Gerbangindonesia.co.id – Lombok Timur – Kawasan pesisir Desa Sugian, Kecamatan Sambalia, kini memiliki wajah baru setelah diluncurkannya ekowisata mangrove di TWA Keramat Suci pada Sabtu (4/4/2026). Program ini menjadi langkah strategis pemerintah daerah dalam mengembangkan sektor pariwisata yang berpadu dengan pelestarian lingkungan.
Sekretaris Daerah Lombok Timur, Muhammad Juaini Taofik, menyampaikan bahwa keberadaan mangrove memiliki nilai penting, tidak hanya sebagai benteng alami pantai, tetapi juga sebagai sumber kehidupan bagi masyarakat sekitar. Ia menekankan bahwa menjaga alam membutuhkan komitmen bersama agar manfaatnya dapat dirasakan secara berkelanjutan.
Dalam arahannya, ia mengingatkan pentingnya pengelolaan destinasi wisata secara profesional dan berkelanjutan. Ia menilai, keberhasilan suatu kawasan wisata sangat ditentukan oleh kemampuan mengelola potensi yang ada, bukan sekadar mengandalkan daya tarik alam semata.
Ia juga mengapresiasi dukungan Wahana Visi Indonesia yang telah berperan dalam mendampingi masyarakat. Program tersebut dinilai mampu menggerakkan ekonomi lokal melalui pendekatan wisata berbasis konservasi.
“Kolaborasi menjadi kunci utama. Semakin banyak pihak yang terlibat secara positif, maka dampak yang dihasilkan juga akan semakin besar,” ujarnya.
Kepala Desa Sugian, Lalu Mustiadi, menjelaskan bahwa wilayahnya memiliki potensi pesisir yang cukup besar karena berada di jalur strategis kawasan wisata.
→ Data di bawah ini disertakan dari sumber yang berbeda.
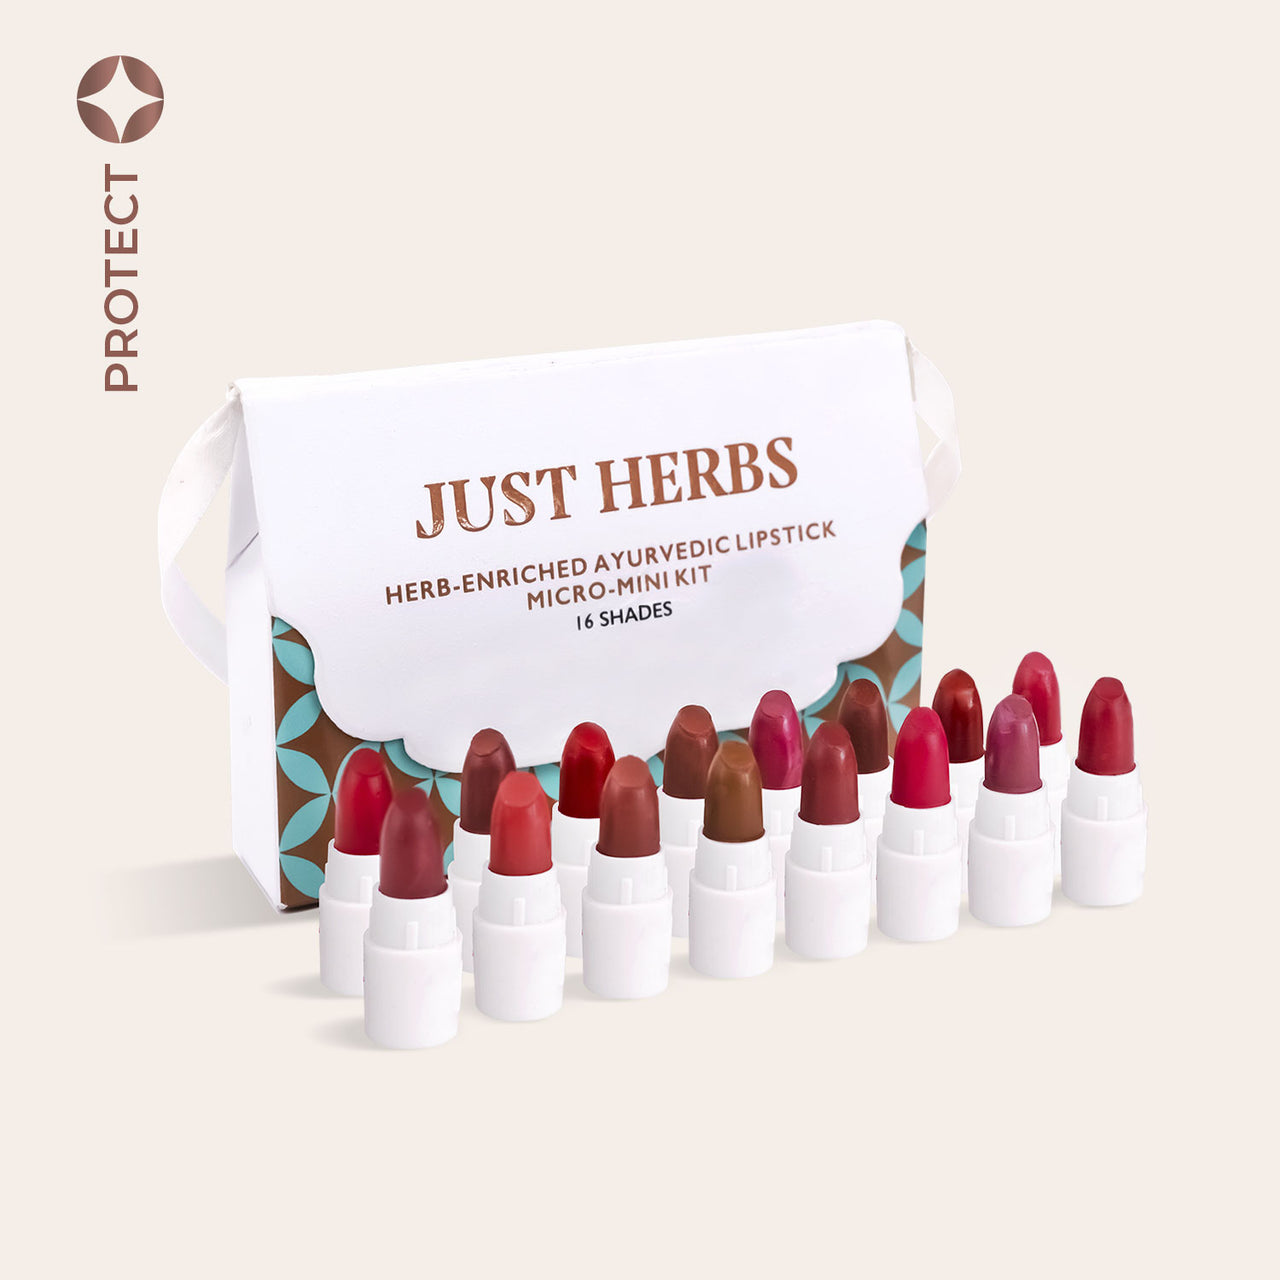 Herb Enriched Ayurvedic Lipstick Micro-Mini Kit
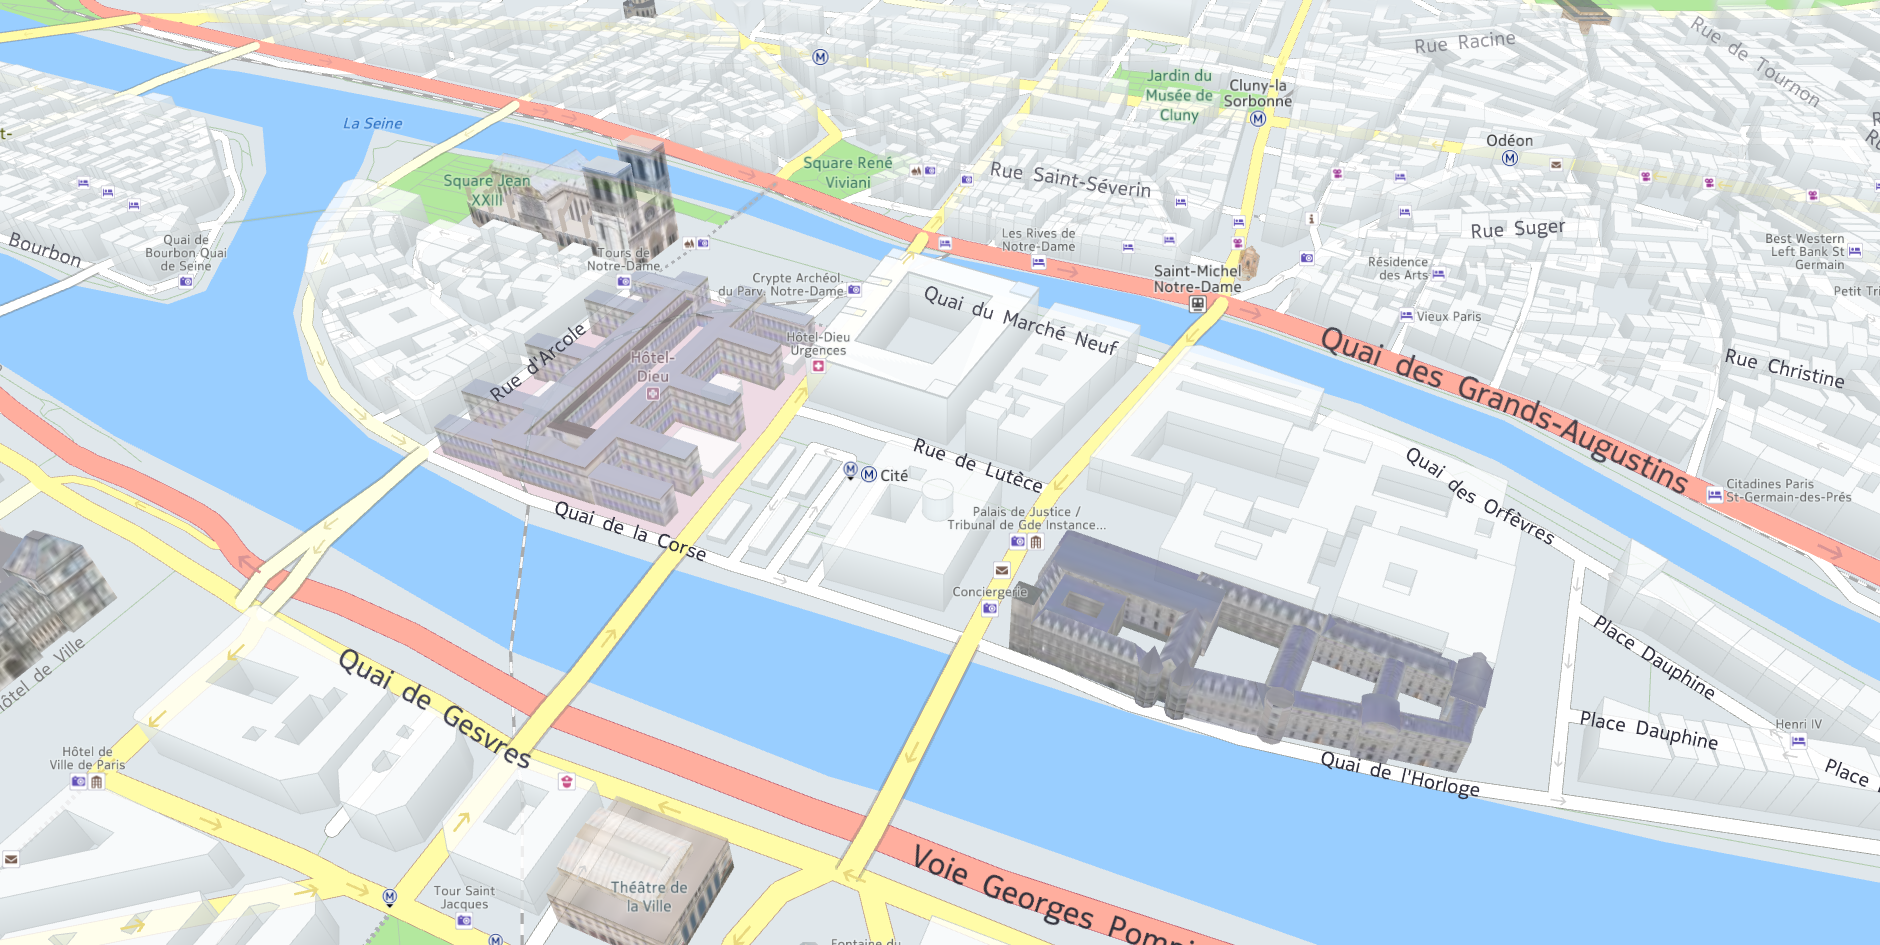 Review: HERE WeGo Maps from Nokia (Alternative to Google Maps)

Ia menyebut kedekatan dengan Gili Sulat dan Gili Lawang menjadi peluang untuk menarik kunjungan wisatawan.
Menurutnya, selama ini pengembangan kawasan Pantai Gubuk Bedek Keramat Suci telah berjalan dengan pendampingan dari berbagai pihak, termasuk dalam program rehabilitasi mangrove dan penguatan kapasitas masyarakat.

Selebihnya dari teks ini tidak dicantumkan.